Task item: Go to the line that contains "Shemales Making Out", then write out that line and all that follow to the end of the listing, exactly and without pictures.

** Opening Dataset content block **

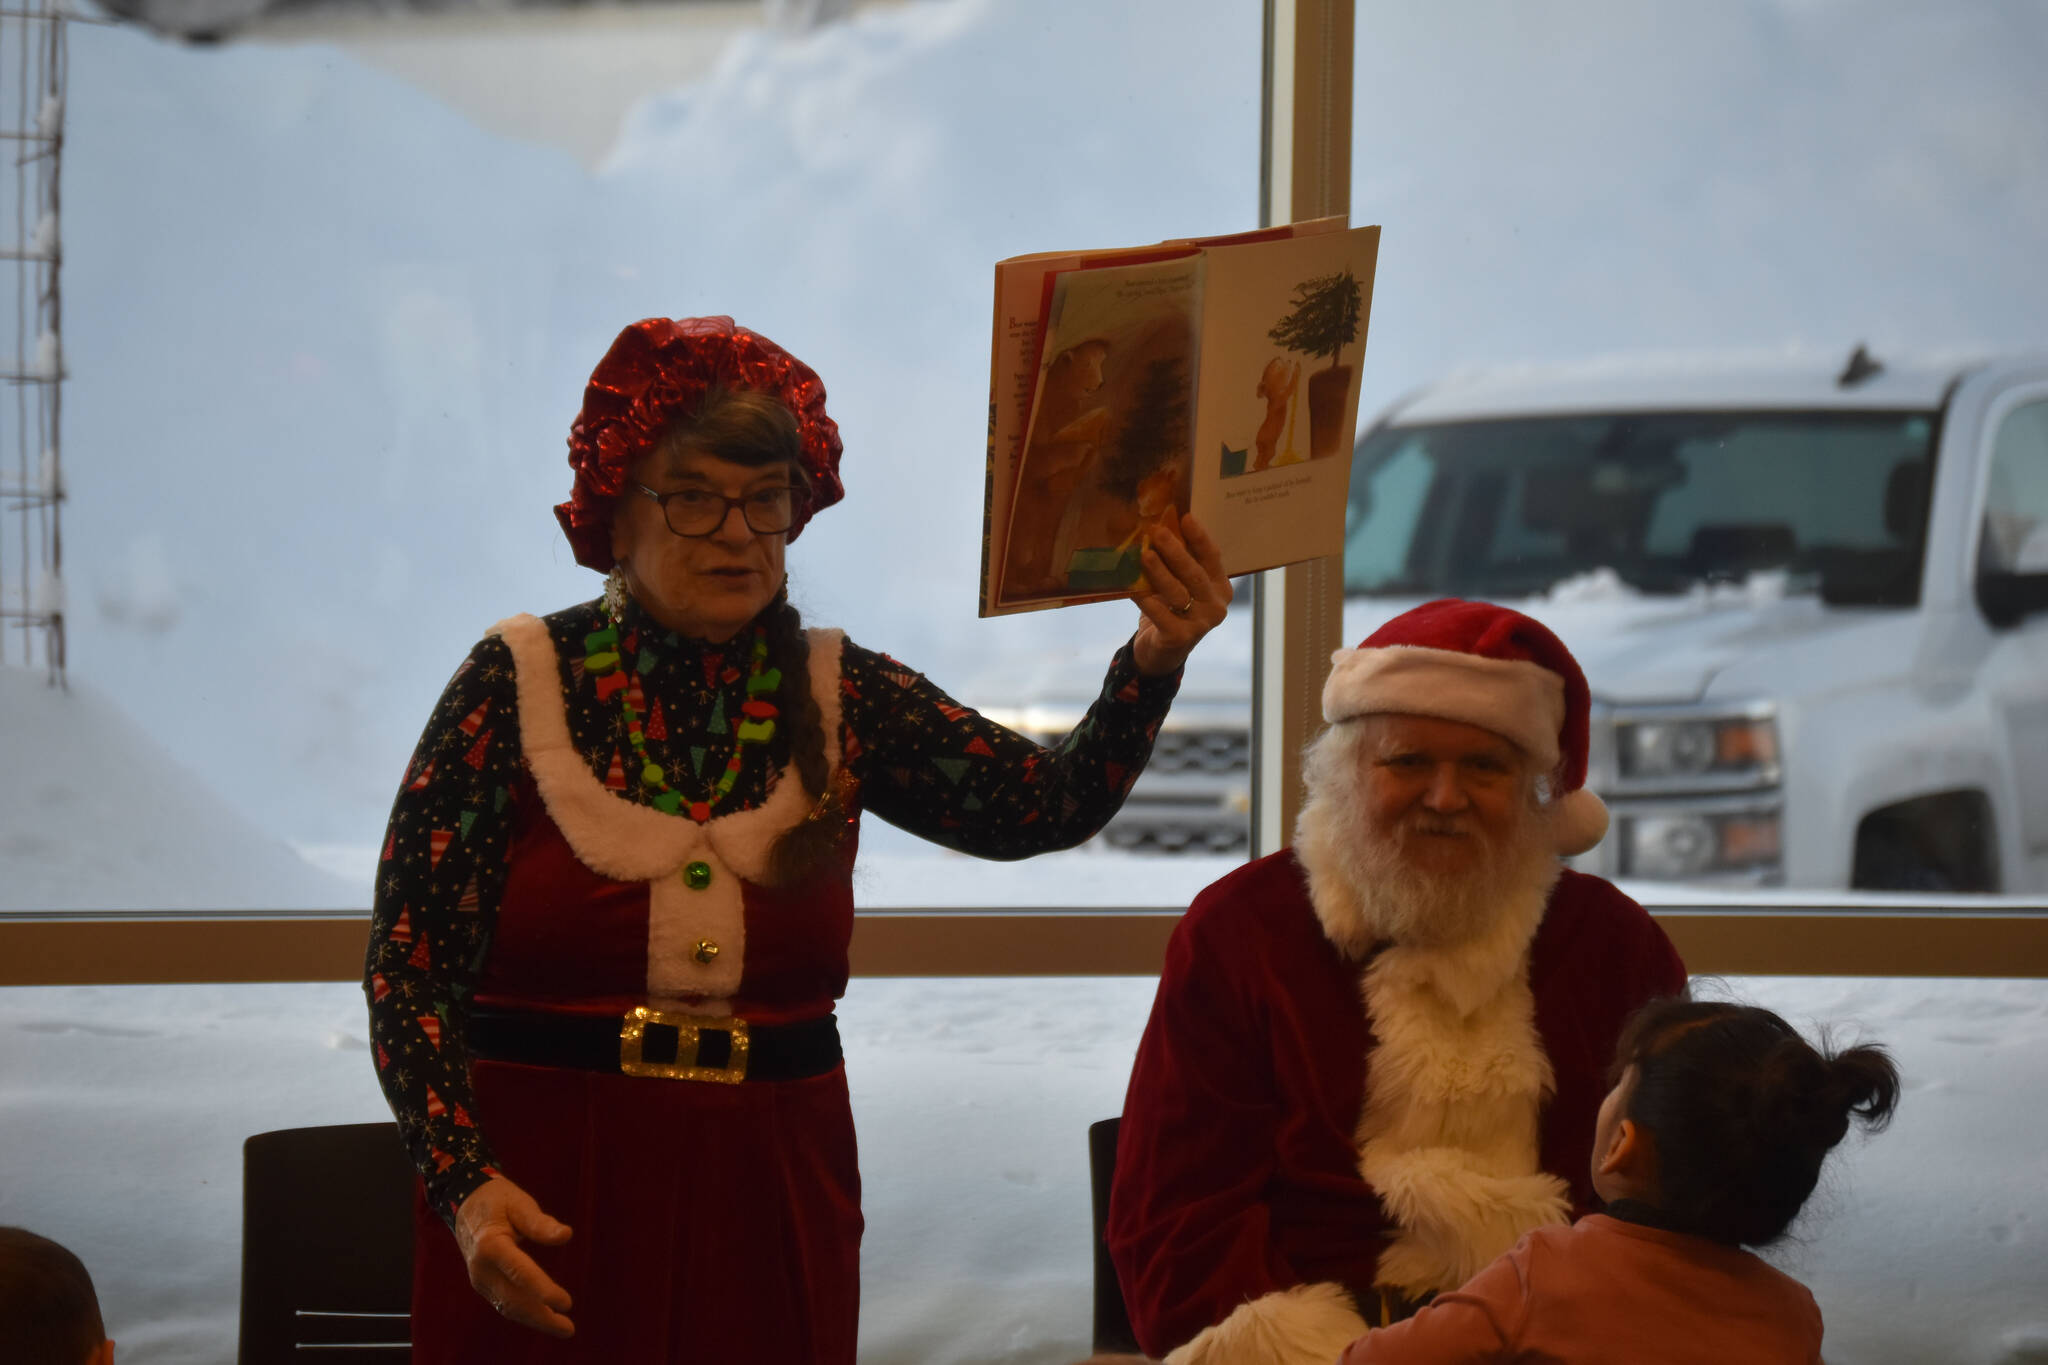 Mrs. Claus, played by Kit Hill, shows the pictures in her storybook to the kids during Story Time with Mrs. Claus at the Kenai Community Library in Kenai, Alaska, on Monday, Dec. 19, 2022. (Jake Dye/Peninsula Clarion)
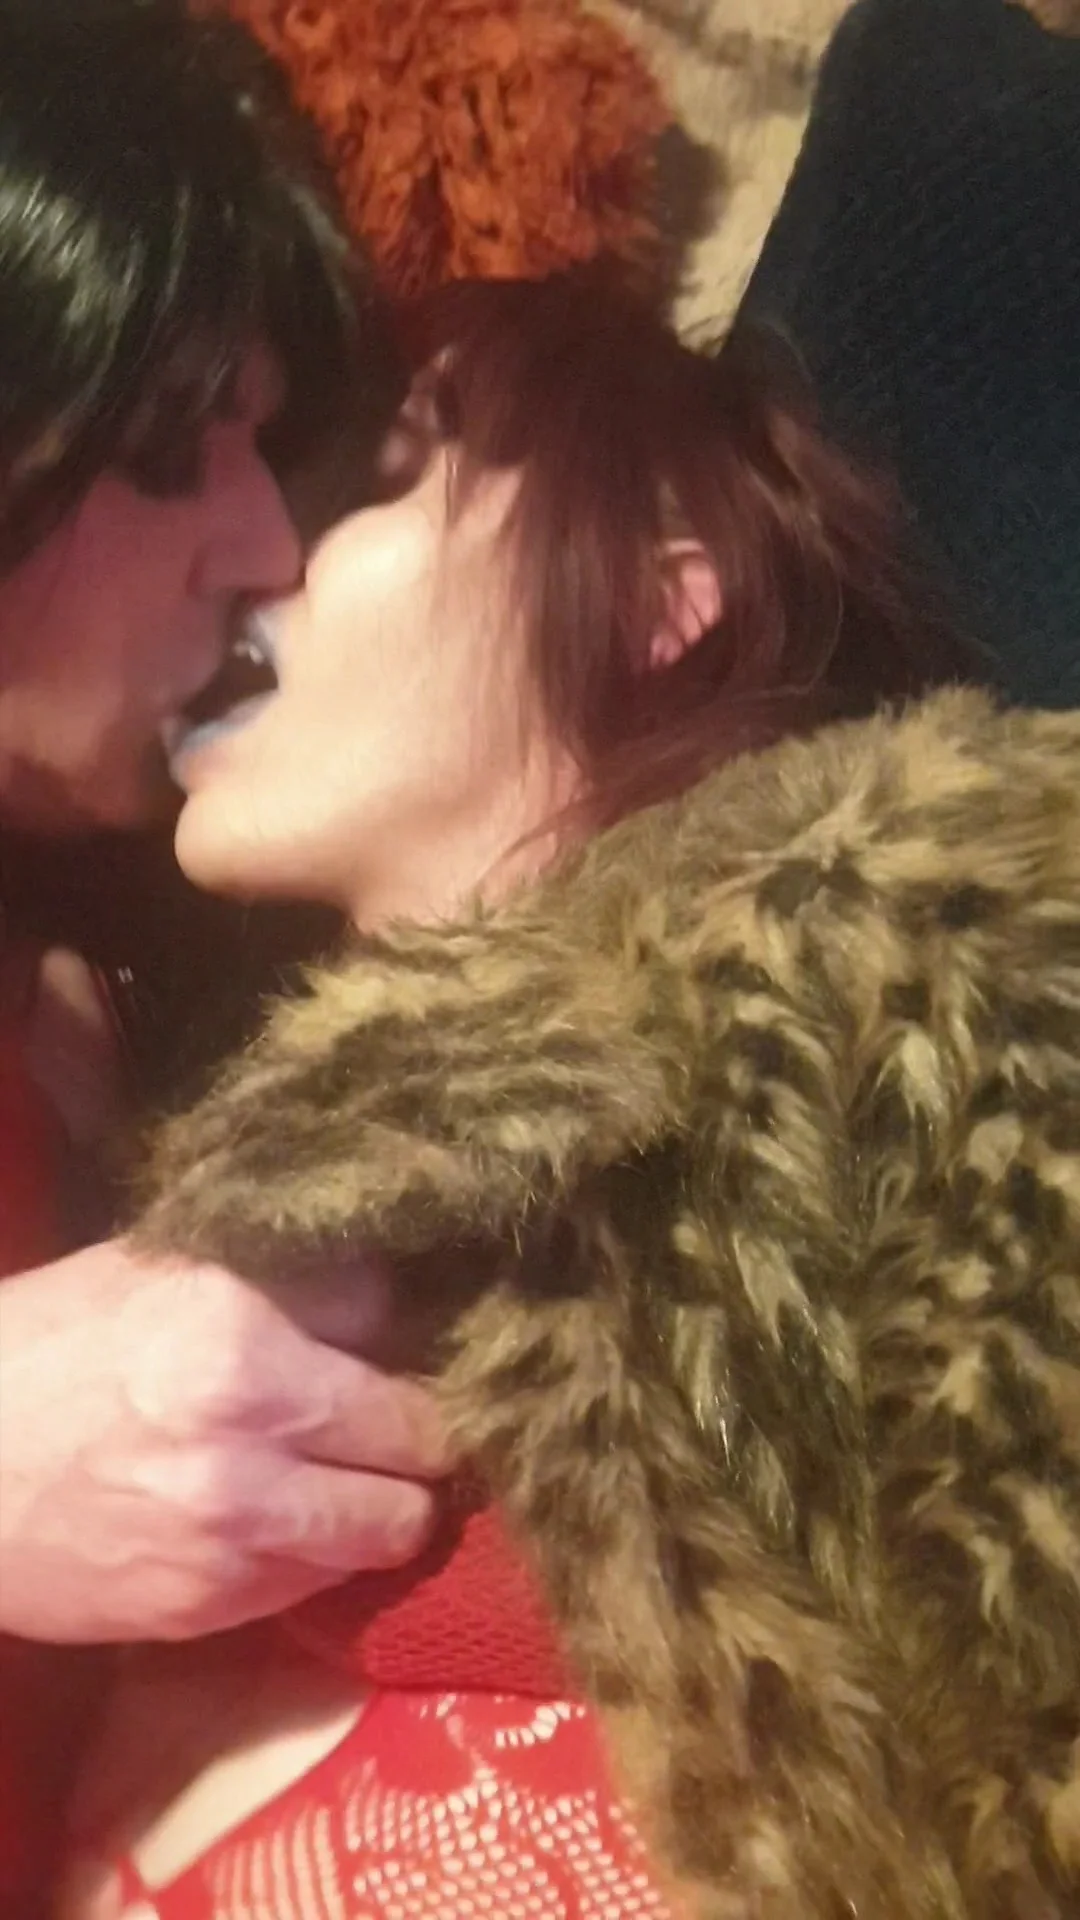 Shemales Making Out - SheMales: Sissy makeout kissing - ThisVid.com
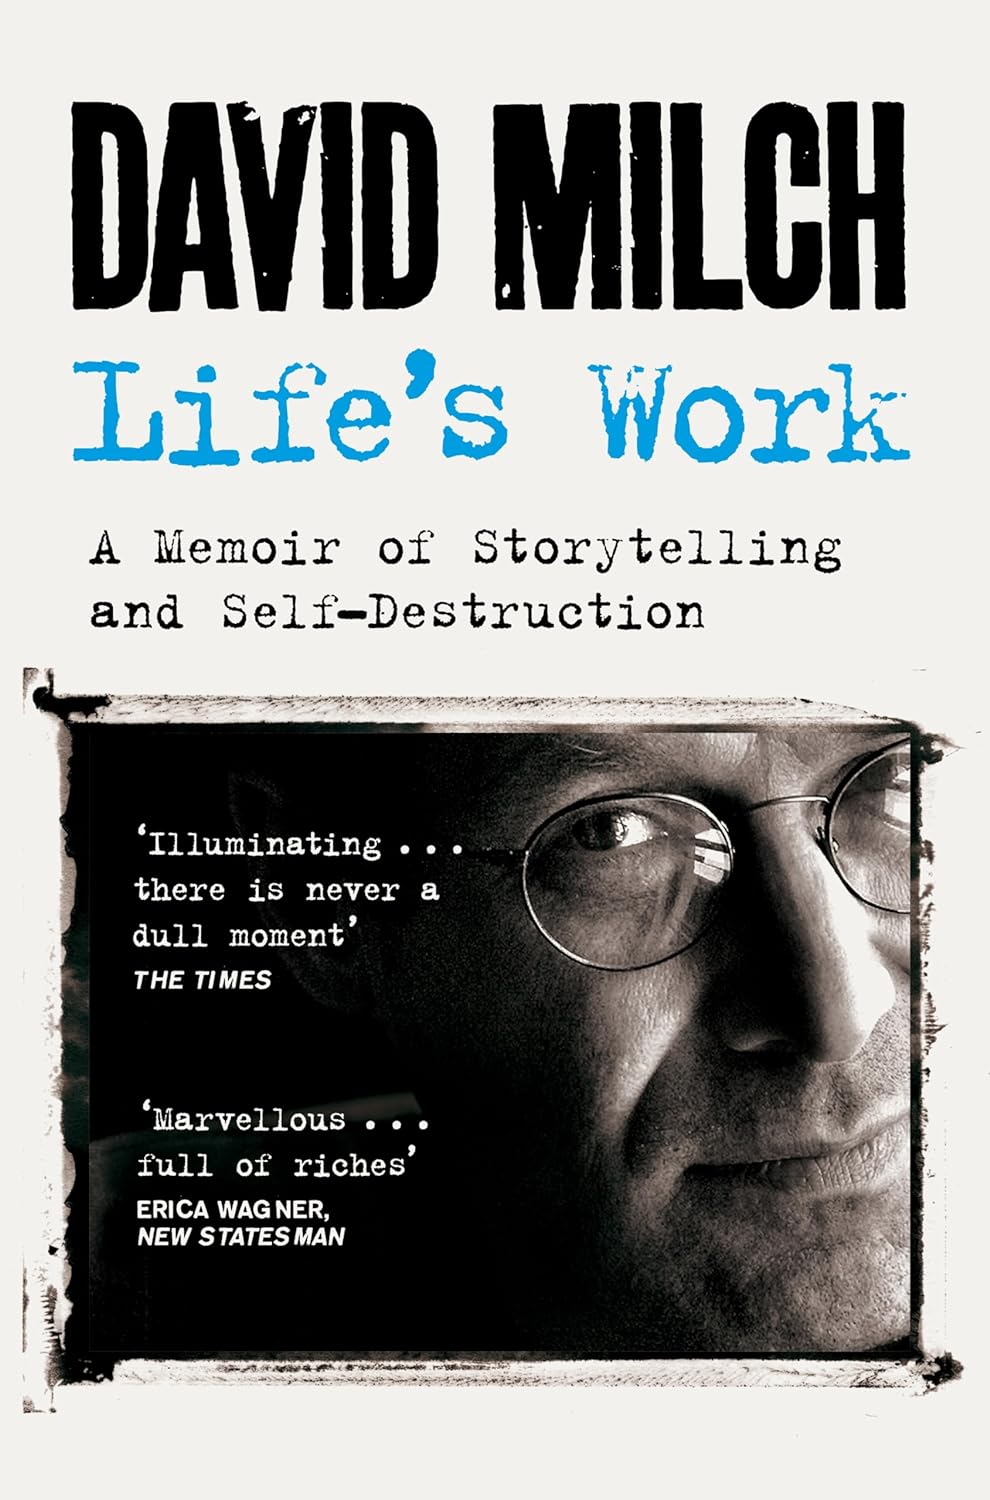 David_milch_Lifes_work_book_cover
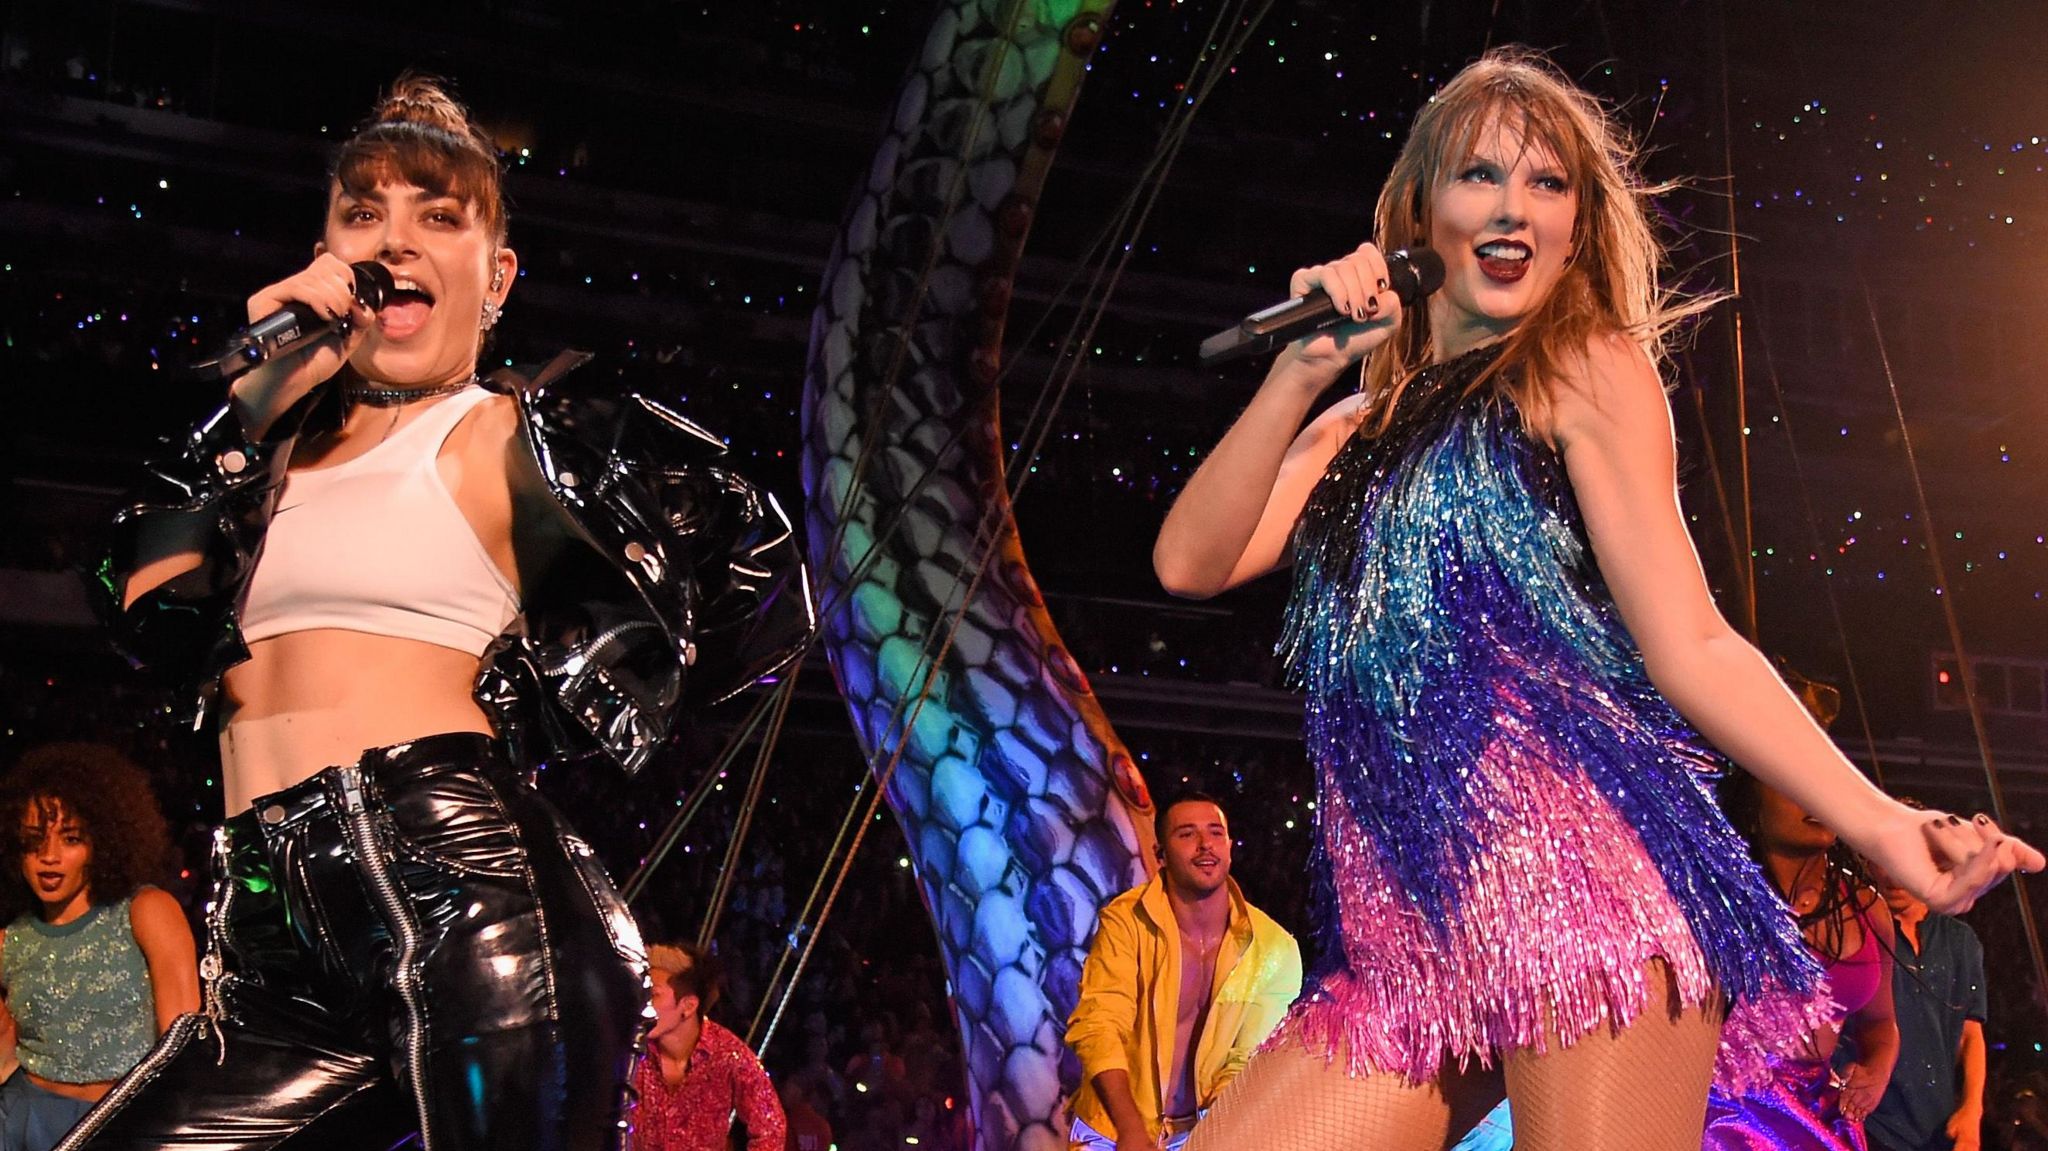 Charli XCX and Taylor Swift on stage together as part of Taylor's Reputation tour in 2018. Charli wears her dark hair in a top knot and wears a white crop top paired with a patent black jacket and matching trousers. Taylor wears a sparkly mini dress in pink, blue, purple and black. She has long blonde hair and red lipstick.

** Closing Dataset content block **

Completed task:
 Shemales Making Out - SheMales: Sissy makeout kissing - ThisVid.com
 David_milch_Lifes_work_book_cover
 Charli XCX and Taylor Swift on stage together as part of Taylor's Reputation tour in 2018. Charli wears her dark hair in a top knot and wears a white crop top paired with a patent black jacket and matching trousers. Taylor wears a sparkly mini dress in pink, blue, purple and black. She has long blonde hair and red lipstick.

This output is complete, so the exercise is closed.